DIRECTIONS:
Retype all data exactly as given. Pictures should not be retyped.
(DATA EXTRACT begins)
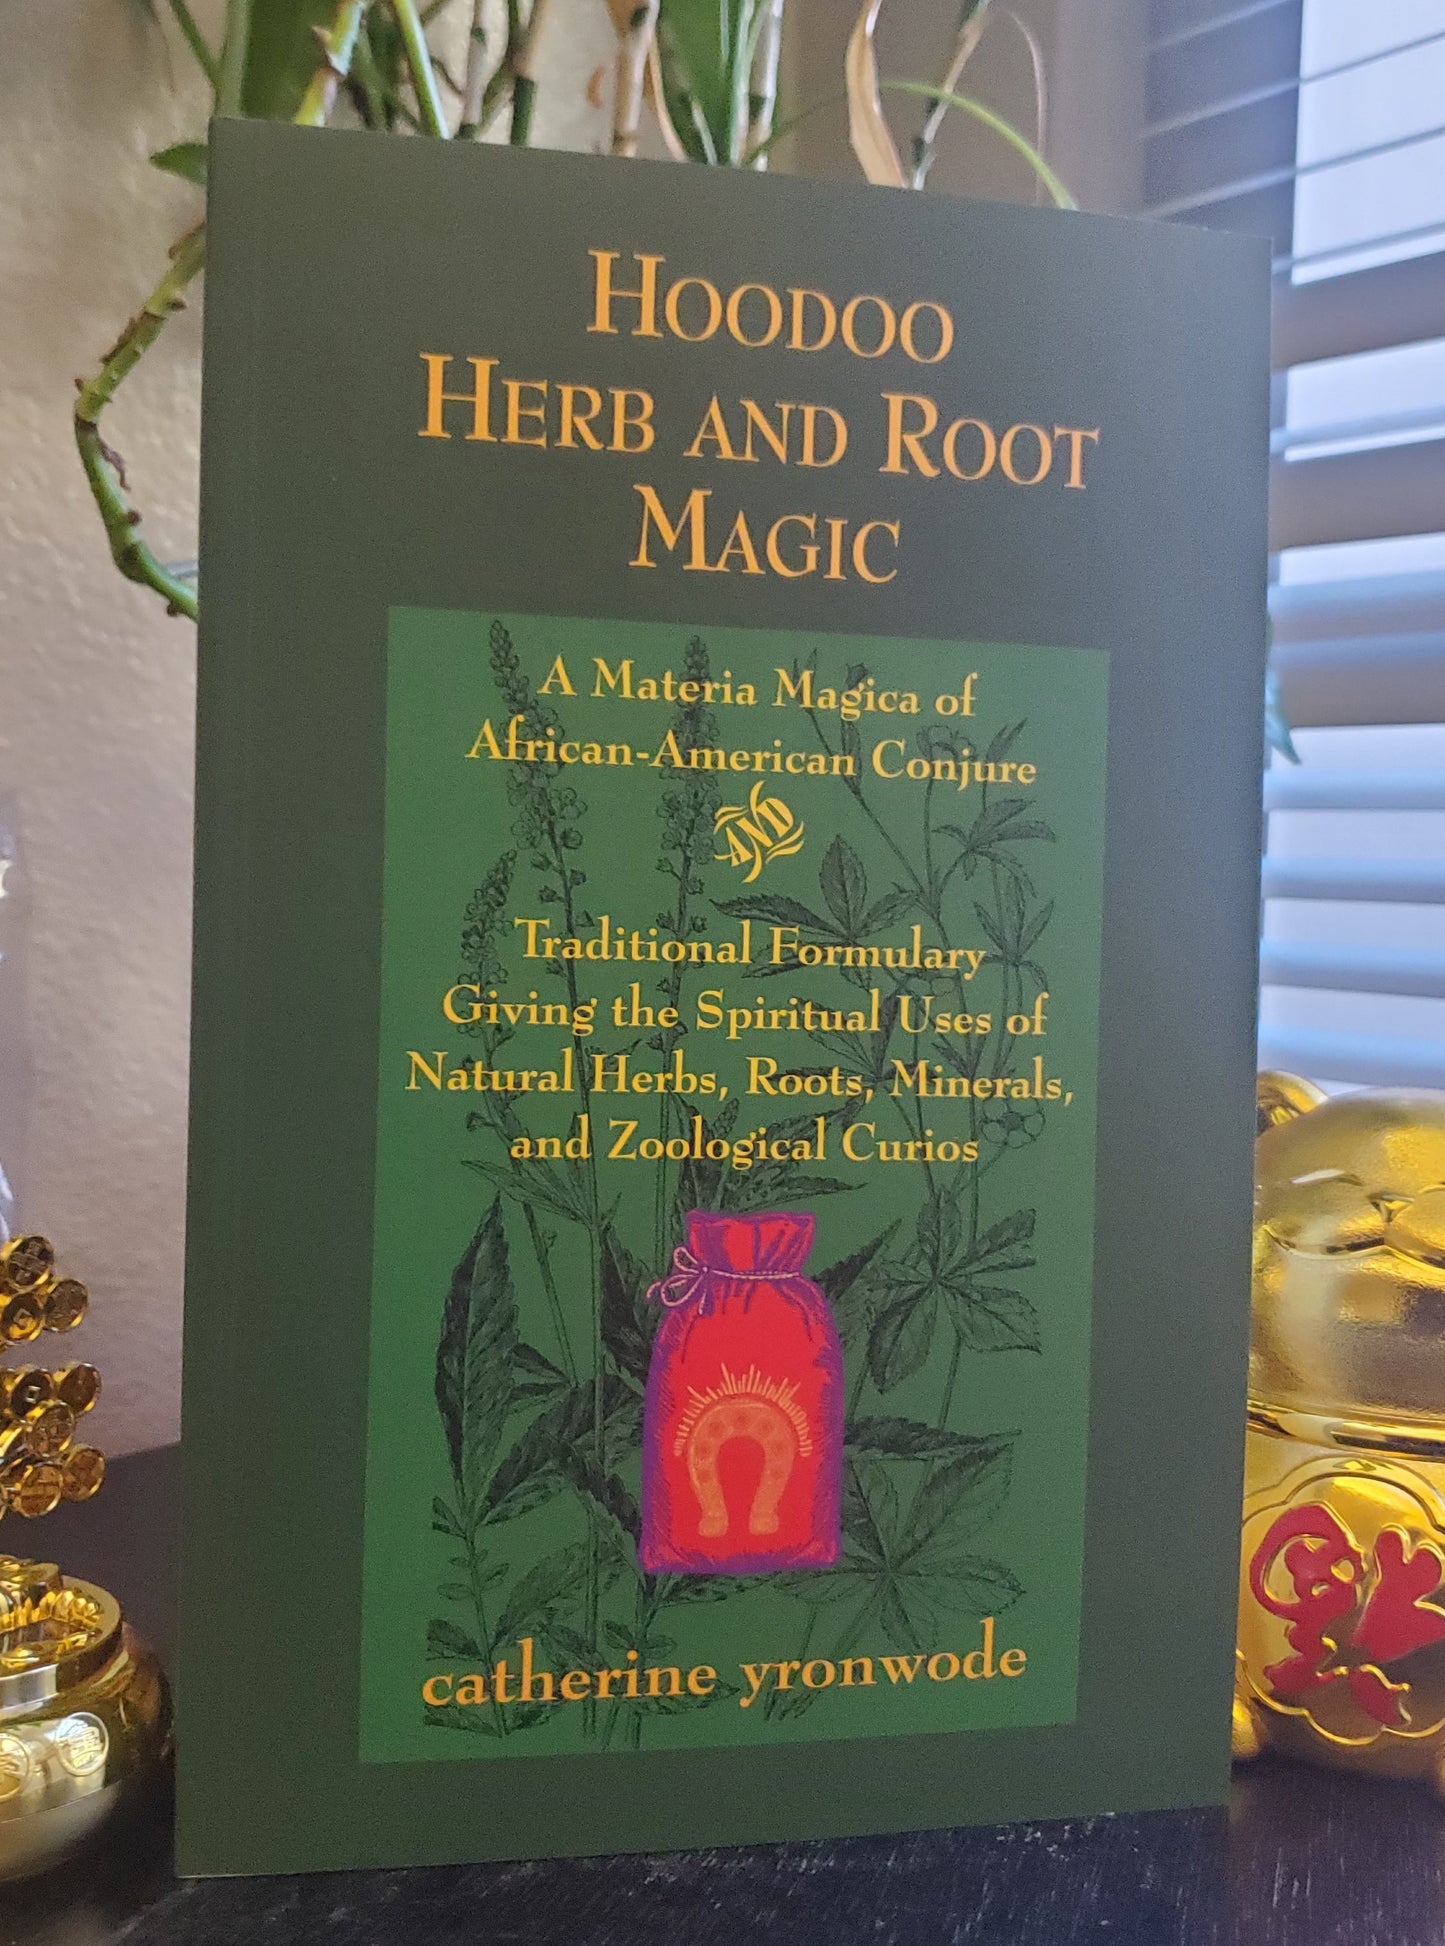 Hoodoo Herb and Root Magic by Catherine Yronwode #MustHave for #HoodooPractitioners #Hoodoo #Conjure
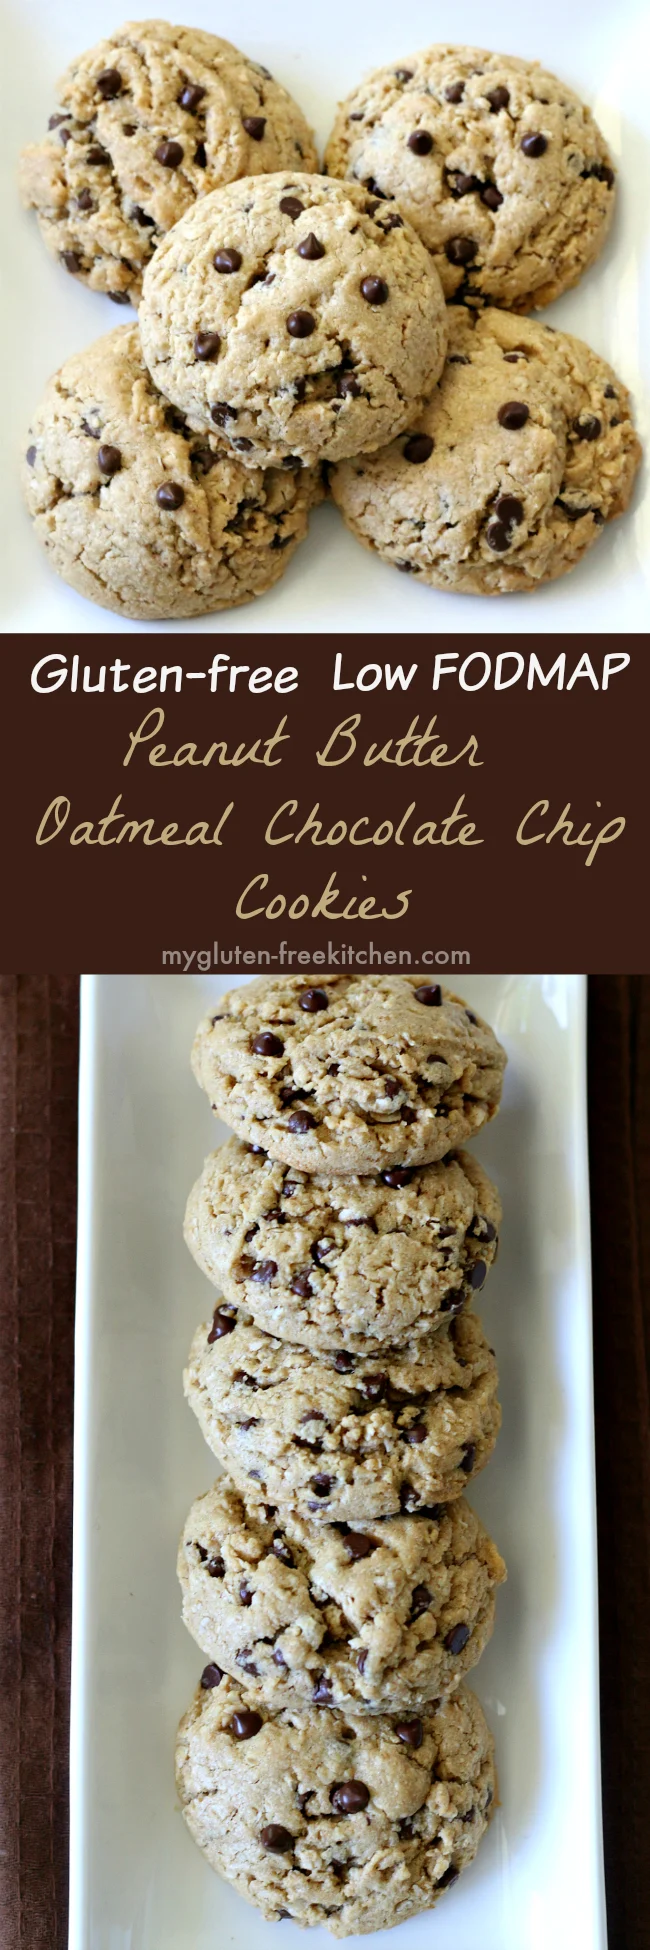 Gluten-free Low FODMAP Peanut Butter Oatmeal Chocolate Chip Cookies Recipe
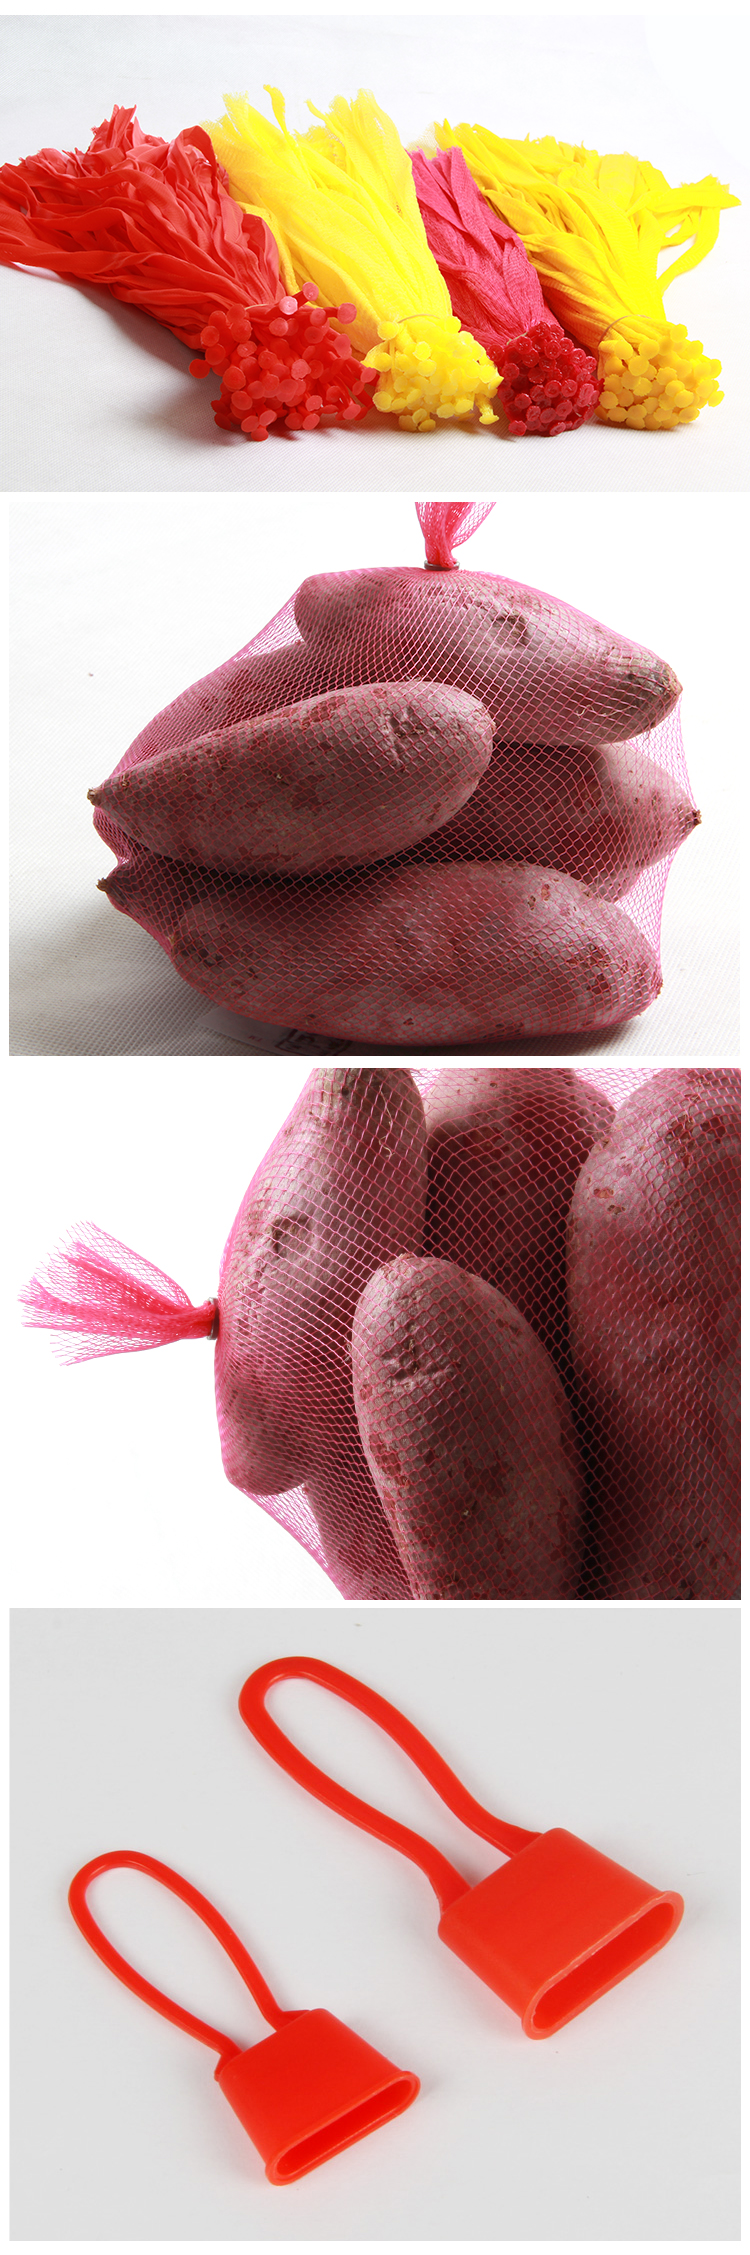 Customized purple potatoes mesh net bag for supermarkets
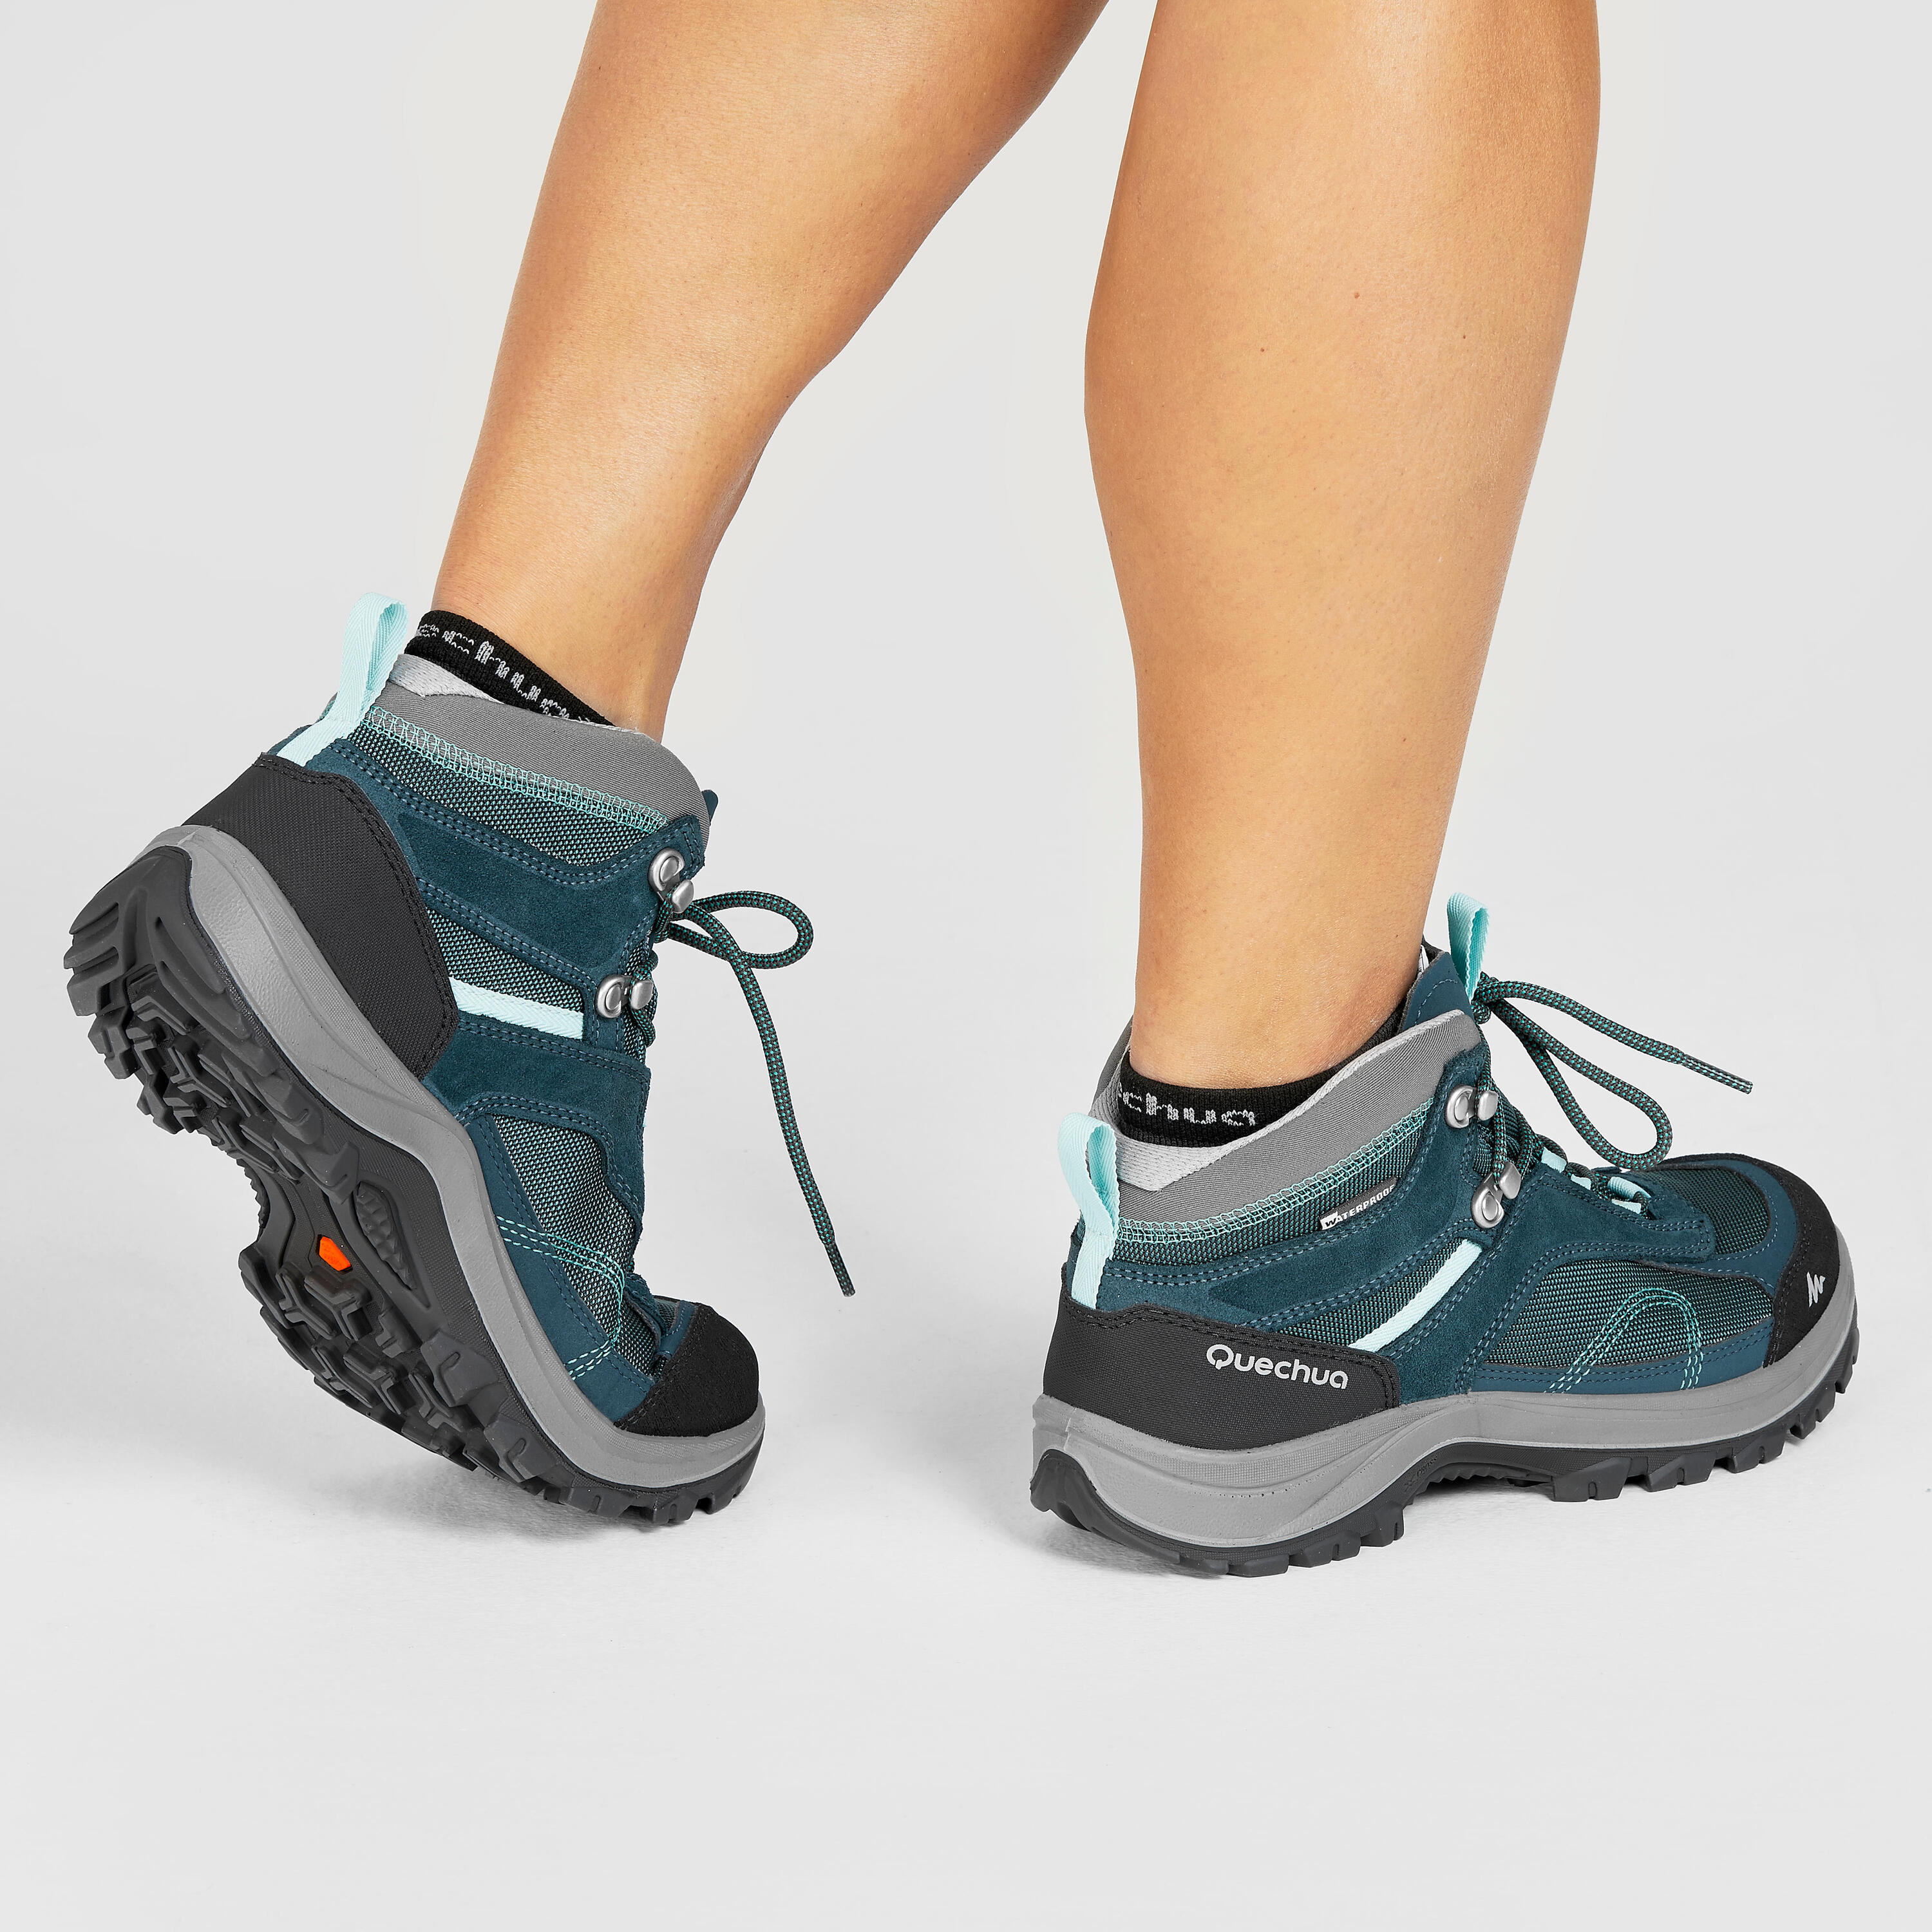 Women’s waterproof mountain walking boots - MH100 Mid - Turquoise 6/6
(DATA EXTRACT ends)
RESULT OF THIS EXERCISE:
 Hoodoo Herb and Root Magic by Catherine Yronwode #MustHave for #HoodooPractitioners #Hoodoo #Conjure
 Gluten-free Low FODMAP Peanut Butter Oatmeal Chocolate Chip Cookies Recipe
 Customized purple potatoes mesh net bag for supermarkets
 Women’s waterproof mountain walking boots - MH100 Mid - Turquoise 6/6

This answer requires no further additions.